A six year old who they rehomed when he was two and a two year old they rehomed at seven months. The two year old was left at home all day and never lead trained. He also has a bit of a arrogant streak if that makes sense. They are perfect with people.

They get on very well, can often be found sleeping together. but for a few points they are unsure on how to deal with. They will be going to a trainer as soon as they find one they like and she has started her new job.

Point one. The younger dog went through a stage of not letting the older dog have a chew bone. They now happily chew together but he still does this sometimes. Any ideas? Younger dog runs at and growls in older dogs face and he drops it.

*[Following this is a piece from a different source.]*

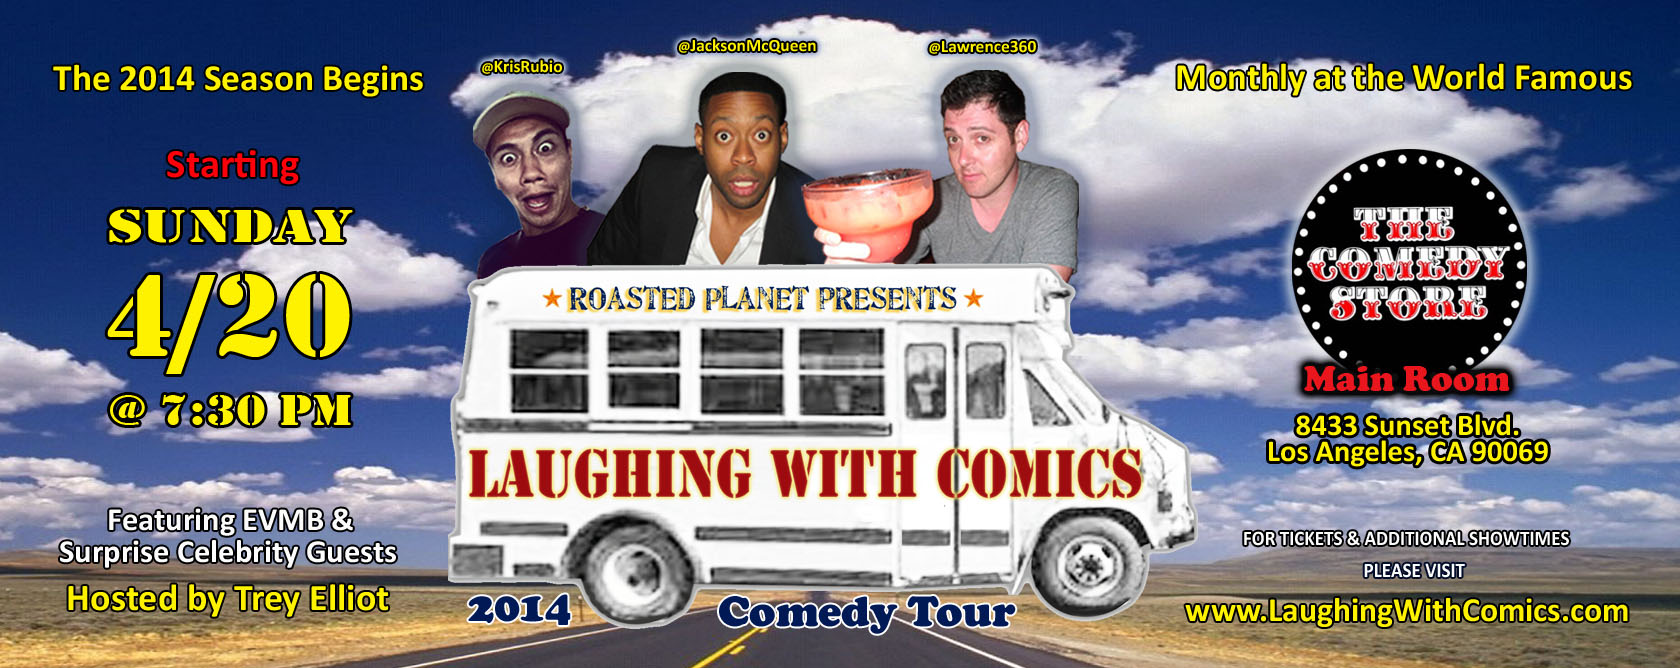 Laughing with Comics 2014 Comedy Tour visits The world famous Comedy Store

Point two, the younger dog will not allow older dog to play with any toy, he does the above behaviour. Also can be known to try to move older dog away from certain places

Point three, walkies. On their own they are perfect with their manners, together older dog is still perfect but younger dog only focuses on older dog. Will only come back when older dog comes back.
Also younger dog is always in older dogs face on walks. Older dog enjoys having a run but younger dog keeps nipping at his face.

So any tips I can.pass on?

Also.recommendations of trainers in the MK area? Mine is a but too far out their way.
 
I can't really see a problem, maybe your friend is overthinking things.....if you have more than one dog then unless they are fighting or really not getting along then I would just allow them to settle issues themselves. Dogs have an order to things and if left to their own devices will sort out things.
 
My advice is remove all toys in the house. My trainer suggested this as it takes away jealousy which leads to power struggles and fighting, although I just a,ke sure there's enough toys for choice for everyone.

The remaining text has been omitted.